Provides a fastTextBaseline that runs through AIChallenger fine-grained user comment sentiment analysis in 10 minutes

At the end of the last article " AI Challenger 2018 in Progress ", we mentioned that AI Challenger has officially provided a  baseline of multiple tracks on GitHub  AI Challenger 2018 Baseline, of which 3 main tracks related to text mining are available. Very suitable for learning: The baseline for English-Chinese text machine translation directly uses Google's official Tensorflow-based Tensor2Tensor running neural network machine translation Transformer model. This idea is my ultimate plan in " AI Challenger 2017 Adventure " last year . This year has become a standard configuration; fine-grained user comment sentiment analysis provides a support vector machine (SVM)-based multi-classification model baseline; opinion-based problem reading comprehension provides a deep learning model baseline, based on pytorch to implement the paper "Multiway Attention Networks for Modeling The idea in "Sentence Pairs".
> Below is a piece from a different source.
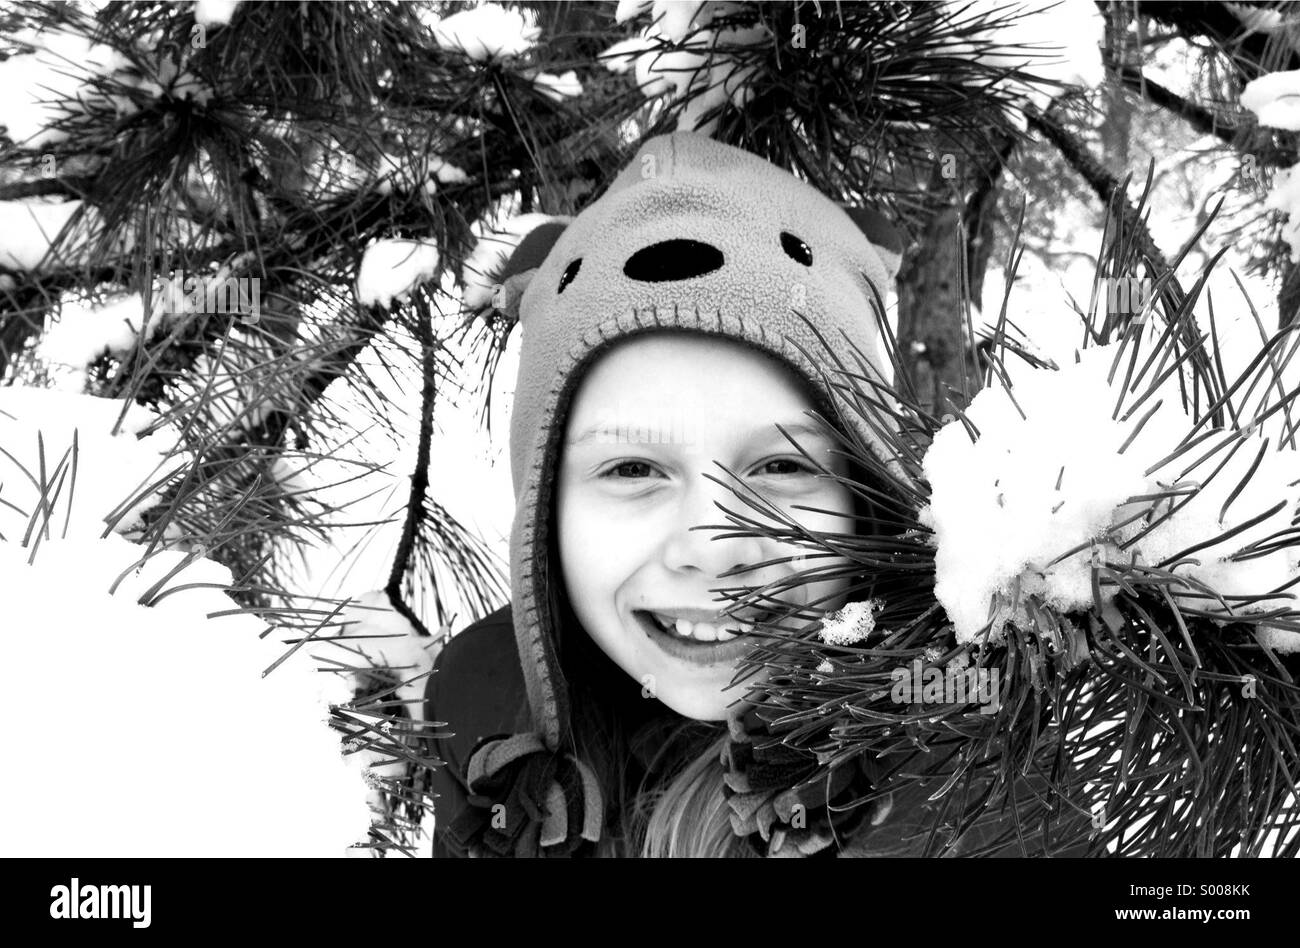 Spielen ist den frisch gefallenen Schnee, eine Mädchen späht heraus unter einem Baum. Stockfoto

In this AI Challenger 2018, in addition to the machine translation of English and Chinese texts, another track that I pay more attention to is: fine-grained user comment sentiment analysis. Sentiment analysis is a classic task in natural language processing. It is estimated that many students have played IMDB Movie Reviews Dataset when they started NLP. This can be defined as a two-category sentiment classification problem. However, this time AI Challenger's fine-grained user comment sentiment analysis problem is not so simple:

Introduction

The fine-grained sentiment analysis of online reviews is of vital value for deep understanding of merchants and users, mining user emotions, etc., and has a very wide range of applications in the Internet industry, mainly for personalized recommendation, intelligent search, product feedback, and business Security etc. For this competition, we have provided a high-quality massive data set, containing a total of 6 categories and 20 fine-grained elements of emotional tendencies. Participants need to establish an algorithm based on the emotional tendency of the marked fine-grained elements to conduct emotional mining on user comments. The organizing committee will determine the accuracy of the prediction by calculating the error between the predicted value submitted by the participant and the true value of the scene, and evaluate the submitted prediction algorithm.

the data shows

The data set is divided into four parts: training, verification, test A and test B. The evaluation objects in the data set are divided into two levels according to different granularities. Level one is coarse-grained evaluation objects, such as the service and location involved in the review text; level two is fine-grained emotional objects, such as the "service" attribute Fine-grained elements such as “service staff attitude” and “queuing time”. The specific classification of evaluation objects is shown in the following table.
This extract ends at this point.